Class 8 Orders Steamroll Year-Over-Year, Up 81% to Surpass 18,000

Navistar plant in Escobedo, Mexico
Navistar International Corp.

North American Class 8 orders blasted through normal expectations in July, climbing 81% year-over-year in what is typically the slowest order month of the year, analysts said.

Orders hit 18,700, according to preliminary data from ACT Research Co. The data will be updated as necessary later in the month.

A year earlier, orders only reached 10,358, ACT said, noting that July 2016 recorded the weakest monthly order intake since February 2010.

“The year-over-year story is not so much about what happened this year as it is about what didn’t happen last year,” ACT Vice President Steve Tam told Transport Topics.



July 2016 also was the bottom of the cycle in this market, he said.

“Since then, you can chalk [the gains] up to pre- and post-election sentiment,” Tam said. But as far as the industry having a consensus of where the market is right now, he’s not sure. “I think there is quite a bit of opacity, given the lack of concrete drivers, basically. And I think that is true even among the truck makers.”

July’s Class 8 North American preliminary net orders of 18,700 equates to a seasonally adjusted annual rate of 263,700; replacement for the same market is 225,000, Tam said.

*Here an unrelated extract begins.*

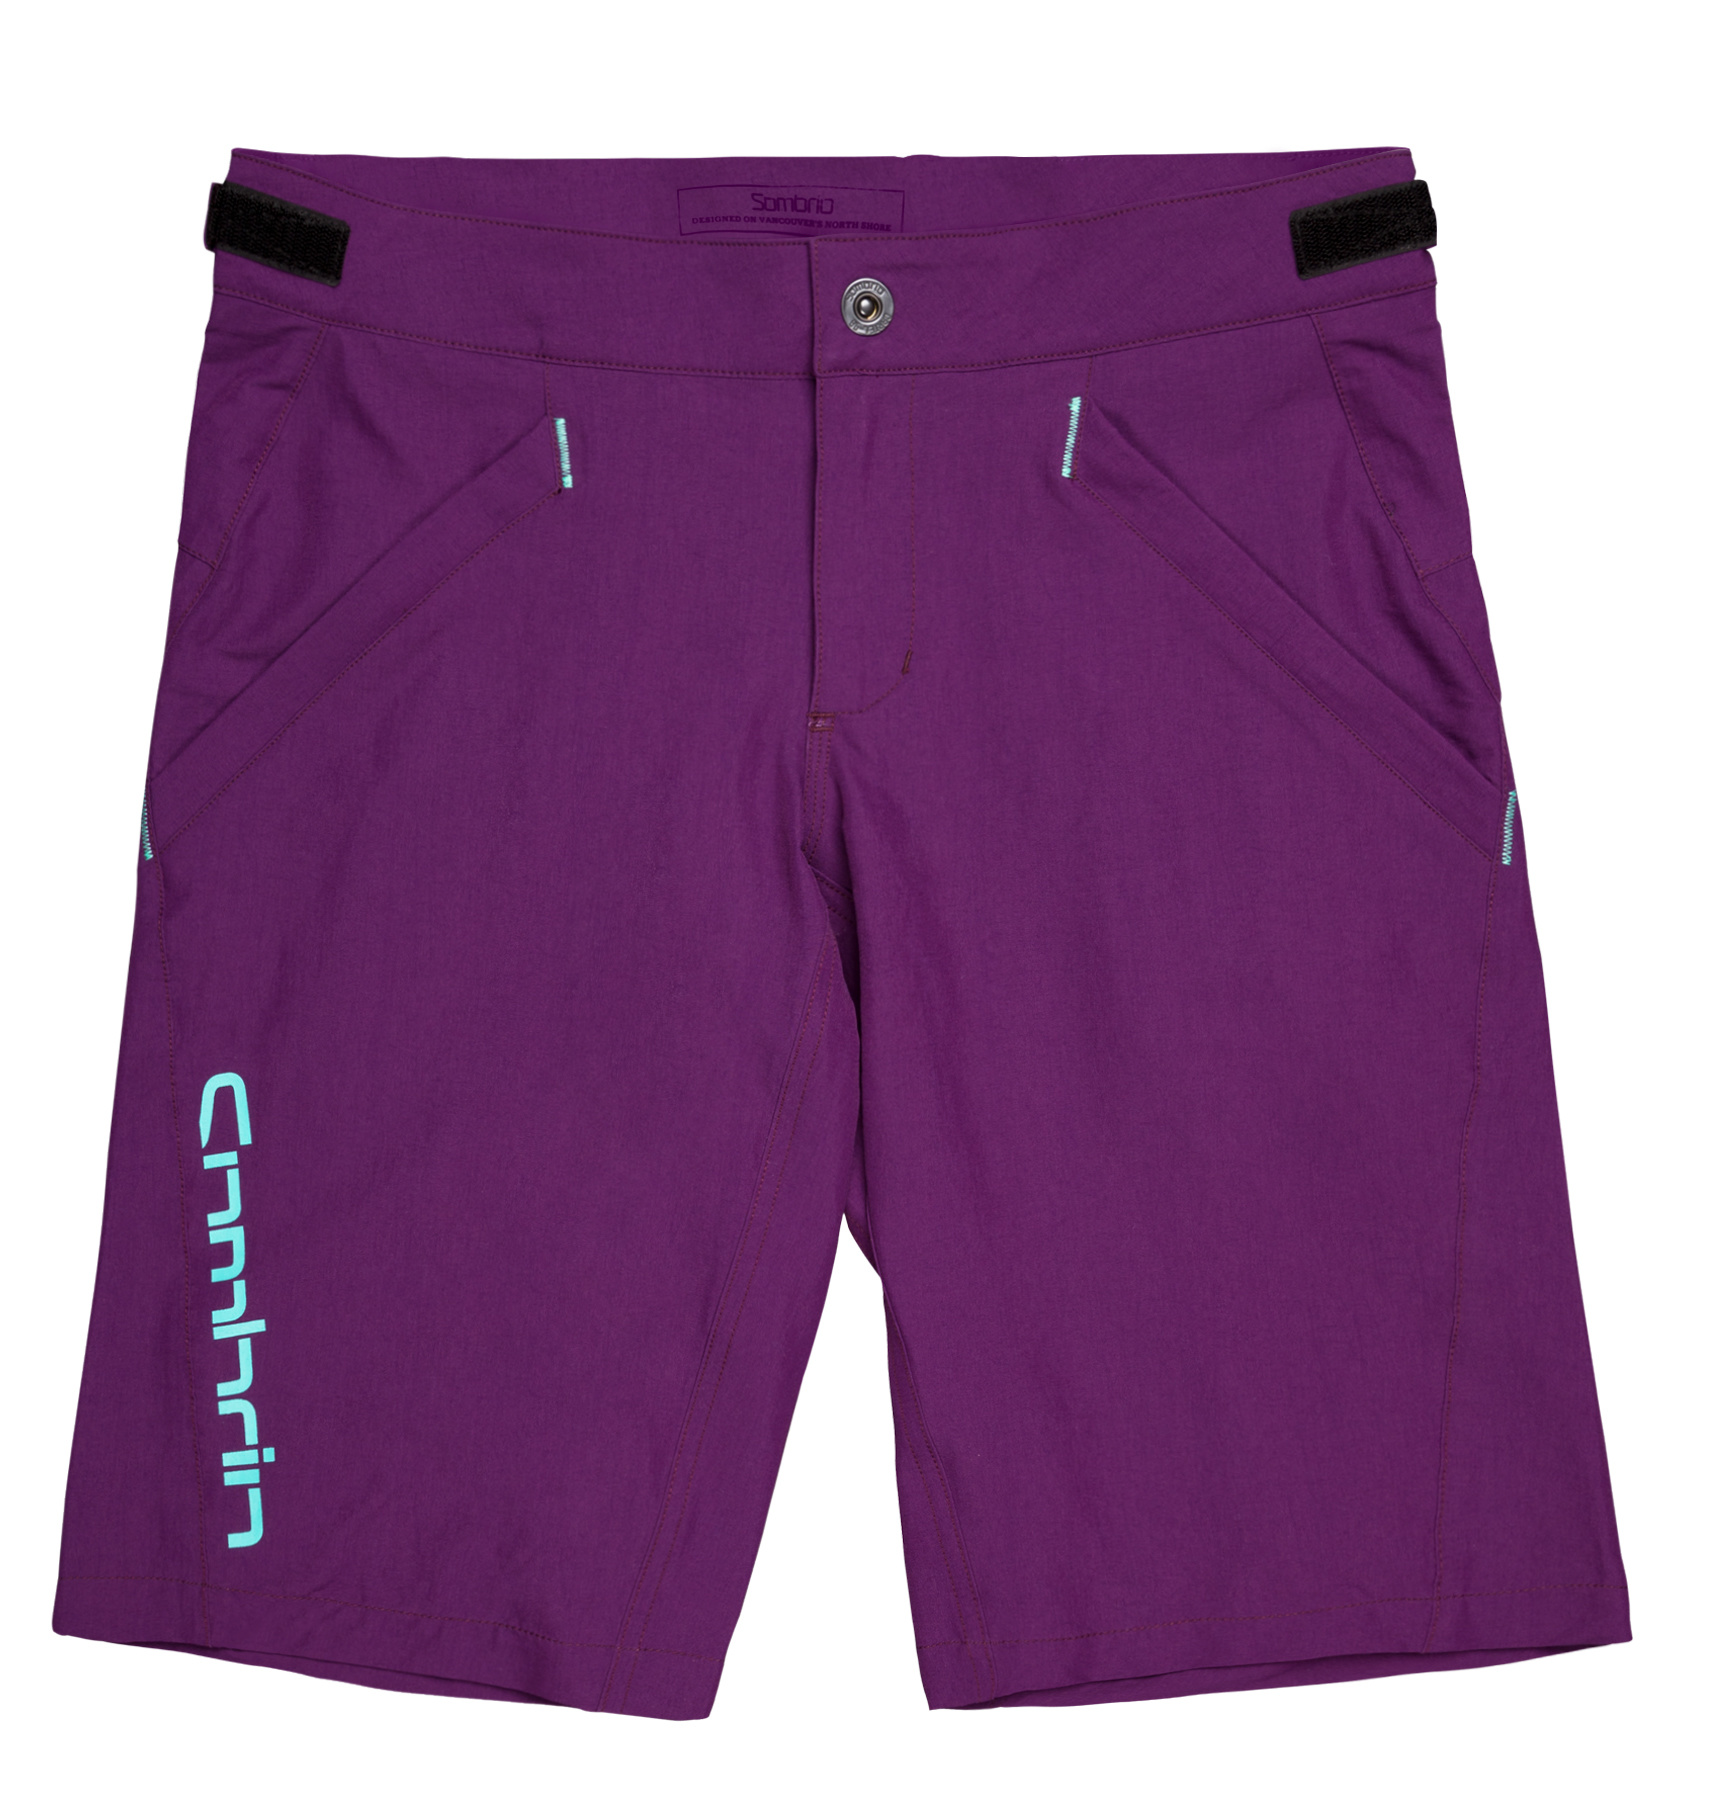 V'al Shorts, Grape L

The research firm FTR pegged preliminary Class 8 orders at 18,300.

“This is a great sign to see orders rising, even slightly [month-over-month, up from 17,600 in June], in mid-summer. This is the beginning of a positive trend that we expect to continue the rest of this year, right into 2018. The Class 8 market is starting to move upward and orders are forecasted to accelerate in the fall,” Don Ake, Vice President of Commercial Vehicles at FTR, commented in a statement.

“Freight is on the upswing and industry capacity is tightening,” he said.

Orders for the past 12 months total 224,000 units, according to FTR.

As with the several previous months, “the strength was largely broad-based across [truck makers] with orders being propelled by small and medium fleets and it appears that some incentivization is taking place in the marketplace,” analyst Jamie Cook of Credit Suisse wrote in a note to investors.

Tam mentioned the experience of the owner of a 200-truck fleet in Indiana who told him she is being offered big-fleet pricing discounts and couldn’t walk away from such a good deal, even if it was ahead of her normal trade cycle.

“The concern from an outside industry observer’s perspective,” Tam said, “is that if you are pulling forward demand, at what point do you have to start paying back?”

He wondered if the Indiana fleet made a permanent change to its acquisition cycle, or if it did not get the same discounts next time, would it hold off?

“Now you are stretched out on the back end,” Tam said.

One truck maker said incentives are the rule.

“Every single deal is competitive. Every truck maker is on every deal, it appears,” Jeff Sass, Senior Vice President, North America Truck Sales and Marketing at Navistar International Corp., told TT. “It’s not as if anyone has decided they are going to go off and make a lot of margin on the trucks. They are all really skinny deals out there.”

Navistar is the parent company of the International Truck brand.

Lead times at International are out to eight weeks, Sass said, and its dealers are trying to make sure they get their orders submitted in time to get into the fiscal year, which for Navistar ends Oct. 31, since a lot of them follow the same fiscal calendar.

At the same time, most of the mega fleets are done for 2017, Sass said. “Their trucks are on order, or have already been placed. We are starting the conversation for the 2018 buys right now.”

Another analyst noted orders will be increasingly important going forward to fill up still-open production slots this year.

Based on truck makers’ build plans in July to produce 22,000 units — or a 270,000 annual build rate — “that would imply backlog-to-build levels of 4.4 months, reaching a three-year low and suggesting that monthly orders will be increasingly important in determining quarterly production beyond the third quarter, particularly given the fourth quarter schedule is 61% open as of last month, versus normal of 54%,” David Leiker an analyst with Robert W. Baird & Co., wrote in a note to investors Aug. 3.

Tam agreed, saying all truck makers were likely already into the fourth quarter with their respective production schedules, “but to varying degrees.”